April 1, 2008

Mount Pinatubo

Some cool photos I found of the Mount Pinotubo eruption of 1991. I thought they tied in well somehow with yesterday's quick glimpse of shanty life......this way of living was everywhere when I visited the Phillippines in 1999--people living in the worst conditions and it made you wonder how the hell they can get by. As if poverty wasn't enough, there are natural disasters to add to the misery. Whether it be Hurrican Katrina or the Tsunamis more recently, each event affects so many and makes the people who aren't directly affected realize their fortunate state of being. That winter I drove through northern Luzon and witnessed the aftermath of Mt Pinatubo, which was the 2nd largest volcanic eruption of the 20th Century.
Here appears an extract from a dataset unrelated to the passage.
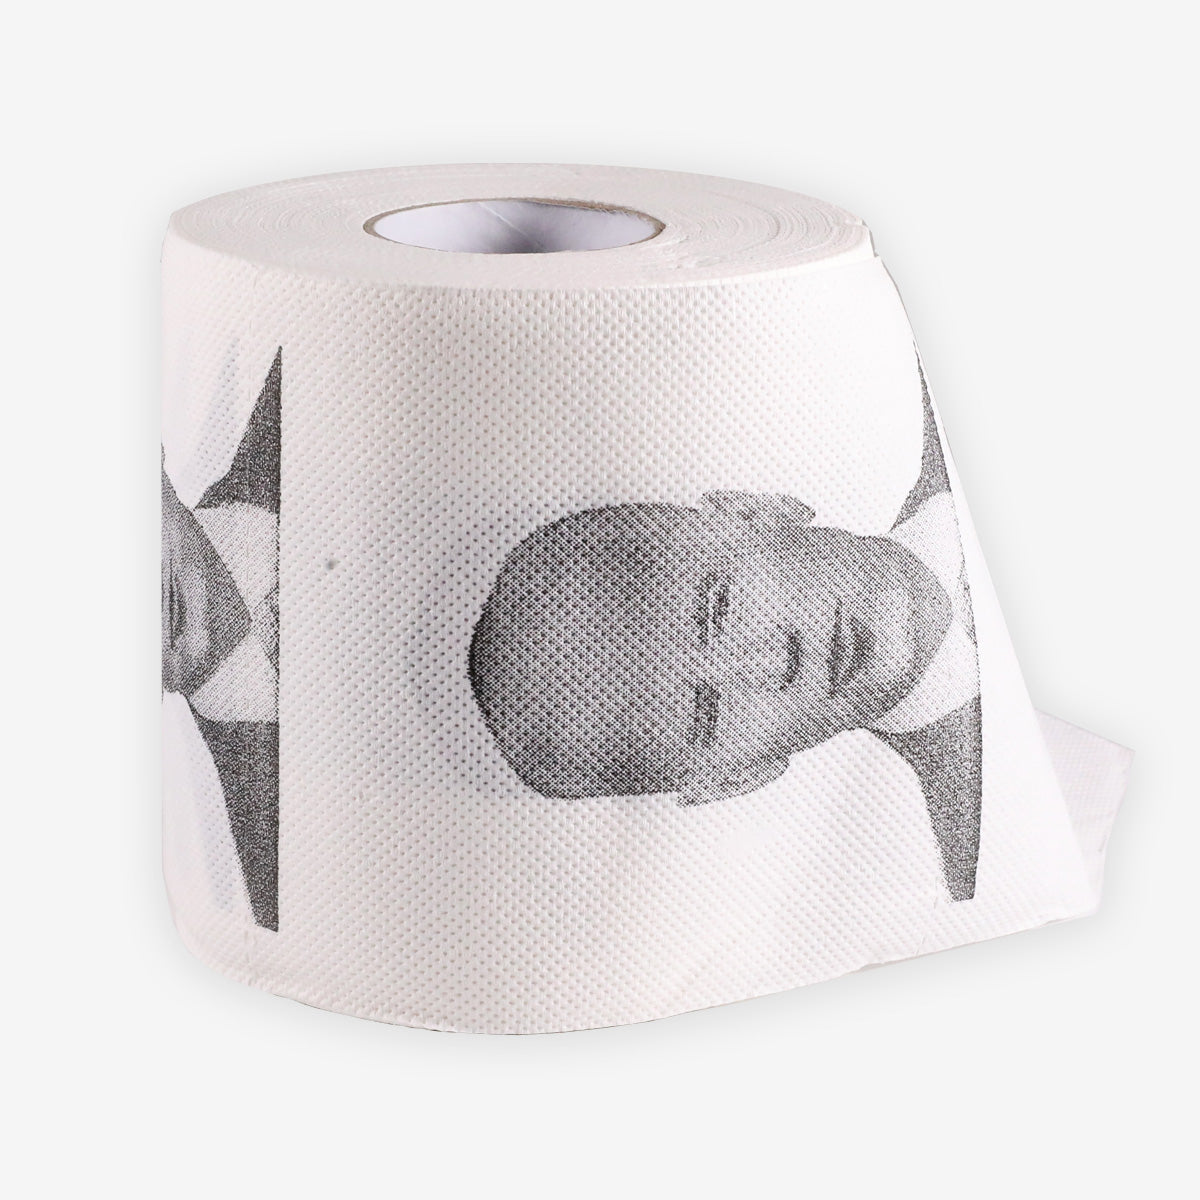 President Biden Prank Toilet Paper Roll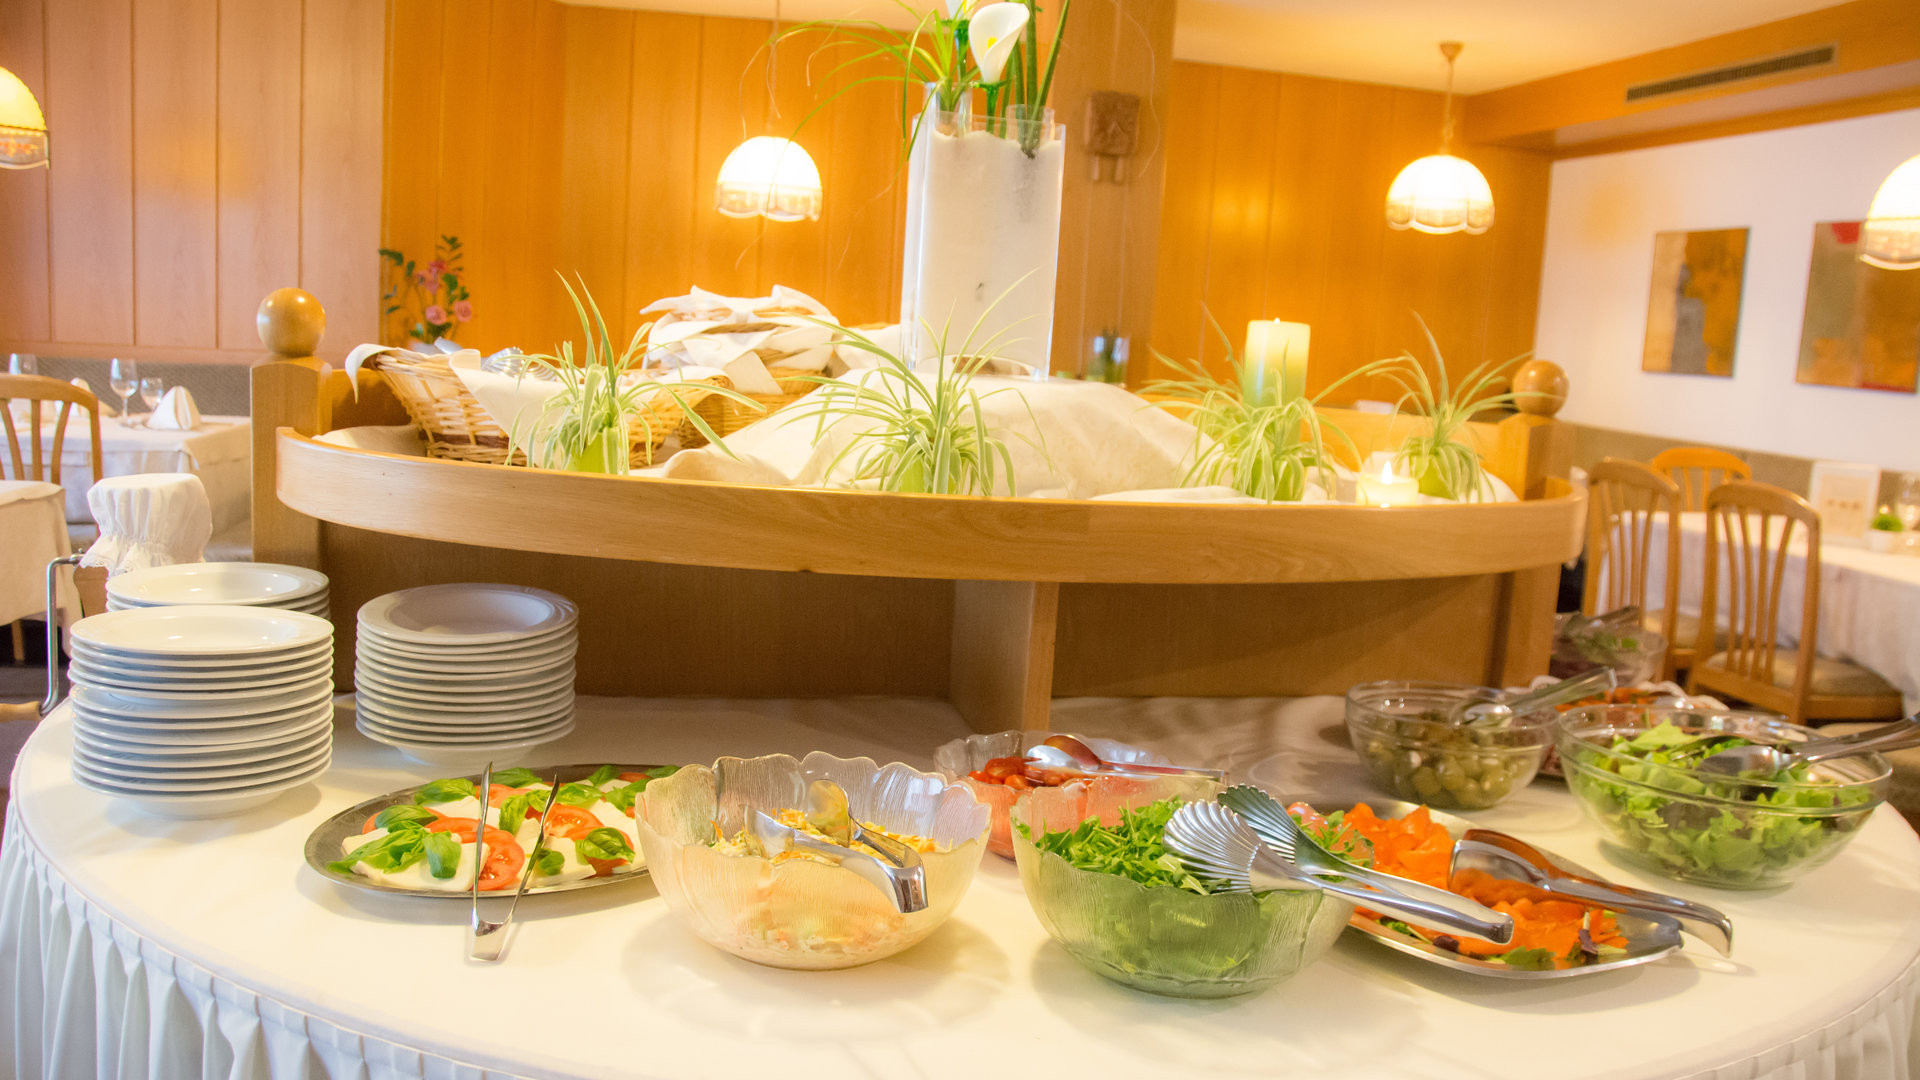 Salat- und Kalte Vorspeisenbüffet im Hotel Schweigl in St. Walburg/ Ultental in Südtirol.

It was 8 years later and the areas were still destroyed by the blast.

Town covered in ash.

This is what the mouth of the volcano looks like today. It has filled with water and looks like a beautiful lake.

From Wikipedia on Mount Pinatubo:
"Mount Pinatubo is an active stratovolcano located on the island of Luzon in the Philippines, at the intersection of the borders of the provinces of Zambales, Tarlac, and Pampanga. Ancestral Pinatubo was a stratovolcano made of andesite and dacite. Before 1991, the mountain was inconspicuous and heavily eroded. It was covered in dense forest which supported a population of several thousand indigenous people, the Aeta, who had fled to the mountains from the lowlands when the Spanish conquered the Philippines in 1565.
The volcano's eruption in June 1991 produced the second largest terrestrial eruption of the 20th century.[2] The 1991 eruption had a Volcanic Explosivity Index (VEI) of 6, and came some 450-500 years after the volcano's last known eruptive activity (estimated as VEI 5, the level of the 1980 eruption of Mount St. Helens), and some 500-1000 years after previous VEI 6 eruptive activity.[3] Successful predictions of the onset of the climactic eruption led to the evacuation of tens of thousands of people from the surrounding areas, saving many lives, but as the surrounding areas were severely damaged by pyroclastic flows, ash deposits, and later, lahars caused by rainwater remobilizing earlier volcanic deposits, thousands of houses and other buildings were destroyed.[2]
The effects of the eruption were felt worldwide. It ejected roughly 10 billion metric tons of magma, and 20 million tons of SO2, bringing vast quantities of minerals and metals to the surface environment. It injected large amounts of aerosols into the stratosphere—more than any eruption since that of Krakatoa in 1883. Over the following months, the aerosols formed a global layer of sulfuric acid haze. Global temperatures dropped by about 0.5 °C (0.9 °F), and ozone depletion increased substantially, but has since recovered."